#### Exercise data:
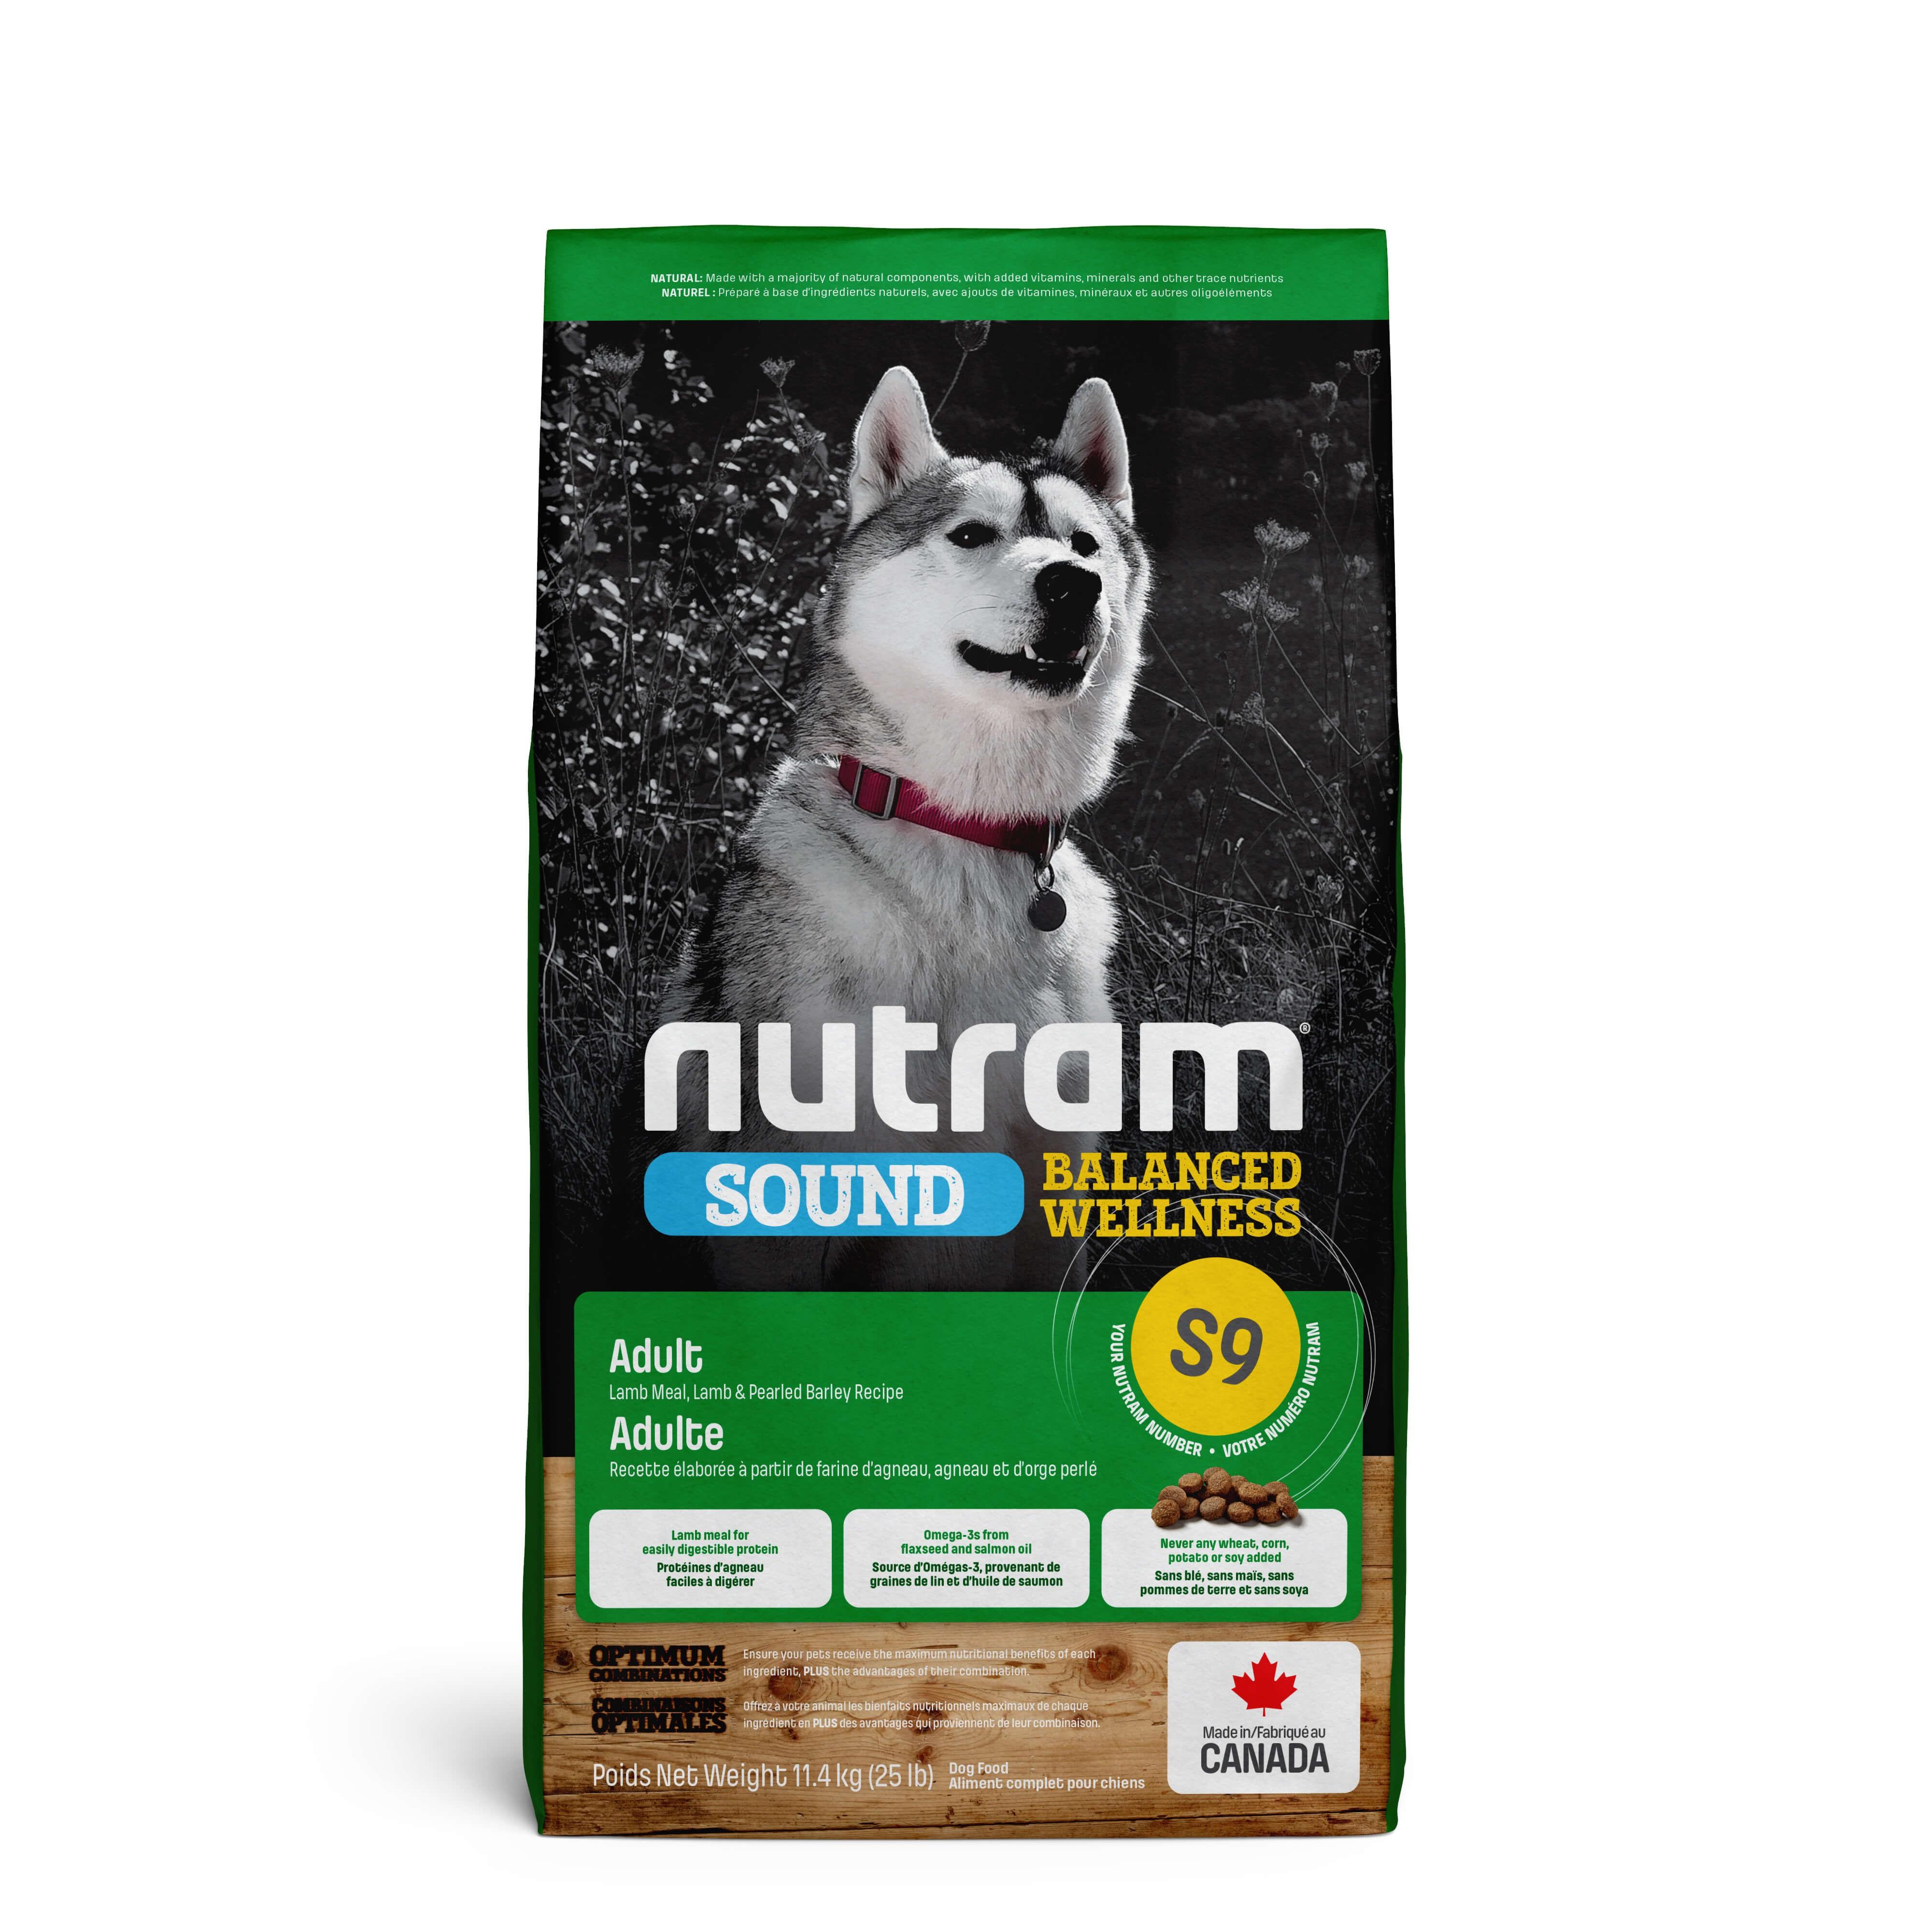 Nutram Sound Balanced Wellness Adult Lam S9 hond
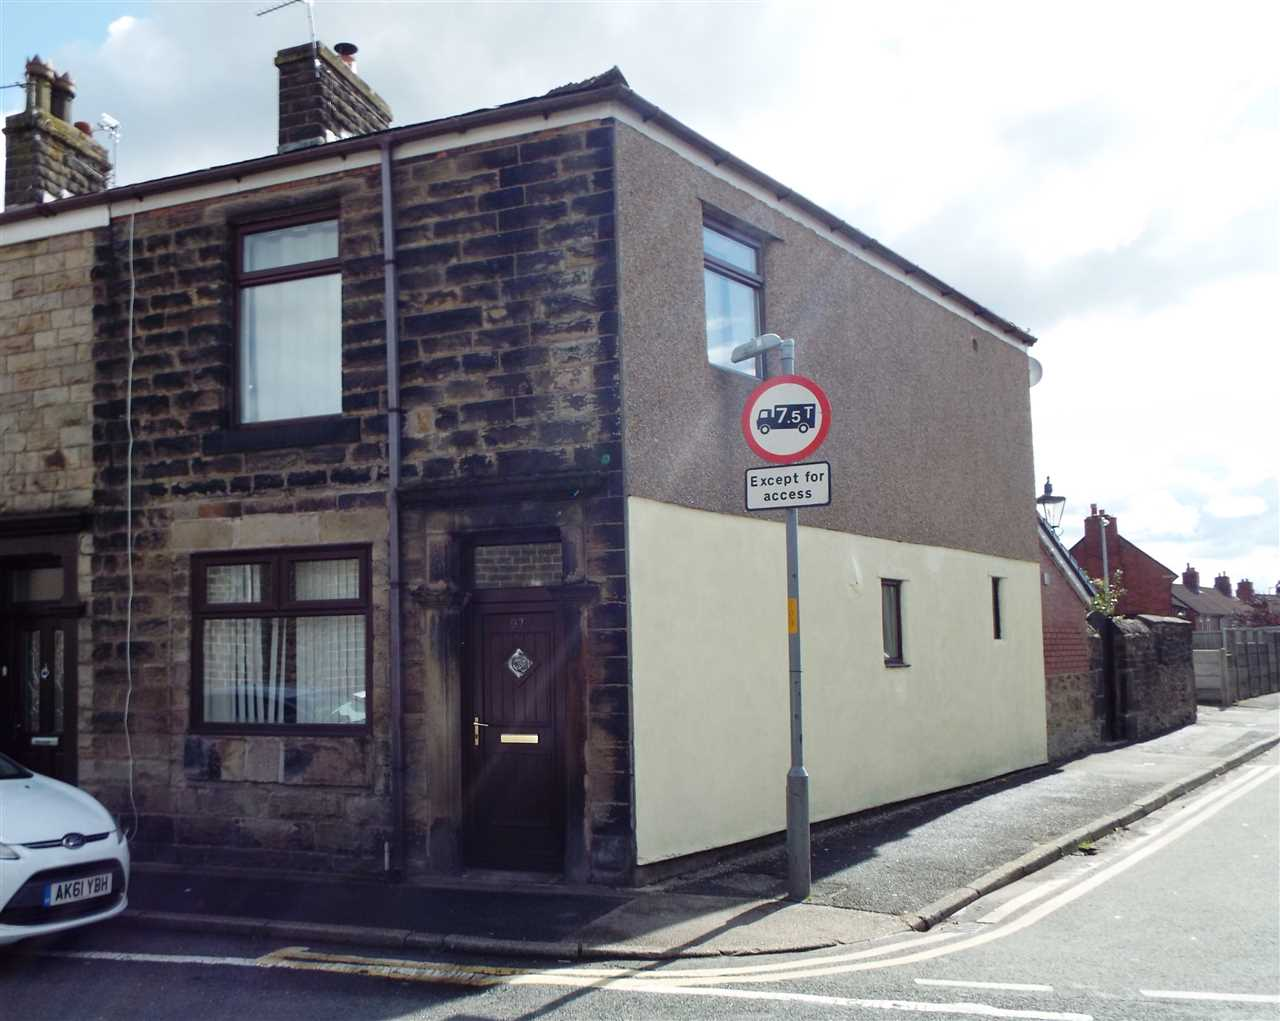 3 bed end of terrace for sale in Park Road, Adlington, Adlington 1
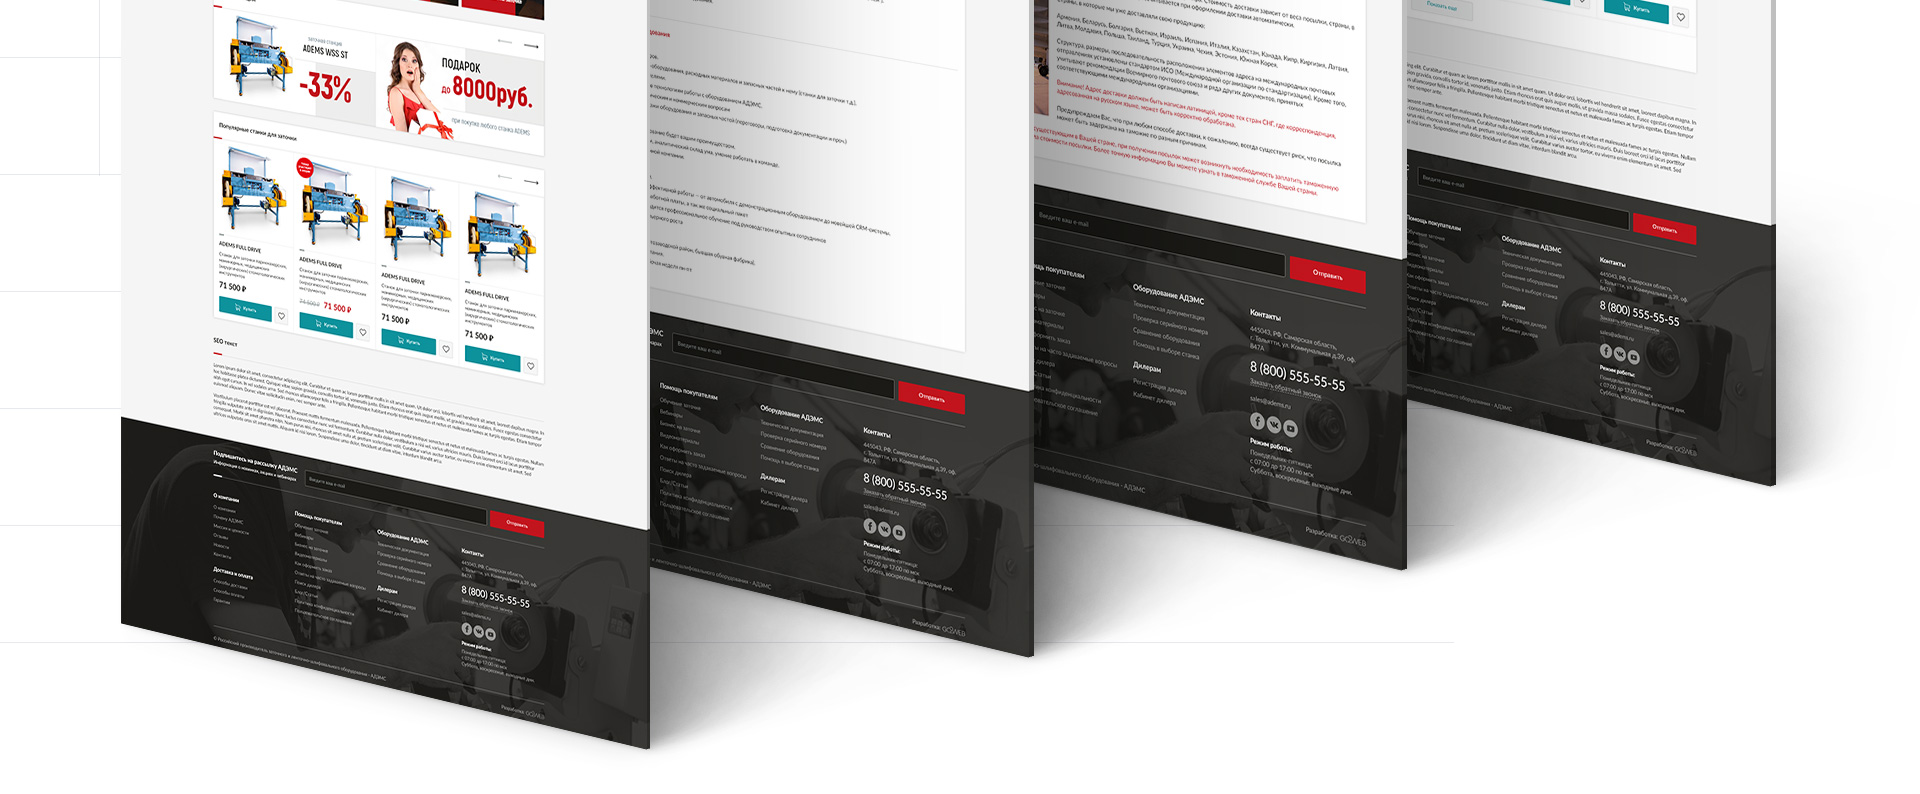 Дизайн интернет-магазина для Адэмс

#### Assignment:
Write out exactly the lines running from the one with "3 bed end of" through the end of the material, both ends included, while leaving the pictures out.

#### Final answer:
 3 bed end of terrace for sale in Park Road, Adlington, Adlington 1
 Дизайн интернет-магазина для Адэмс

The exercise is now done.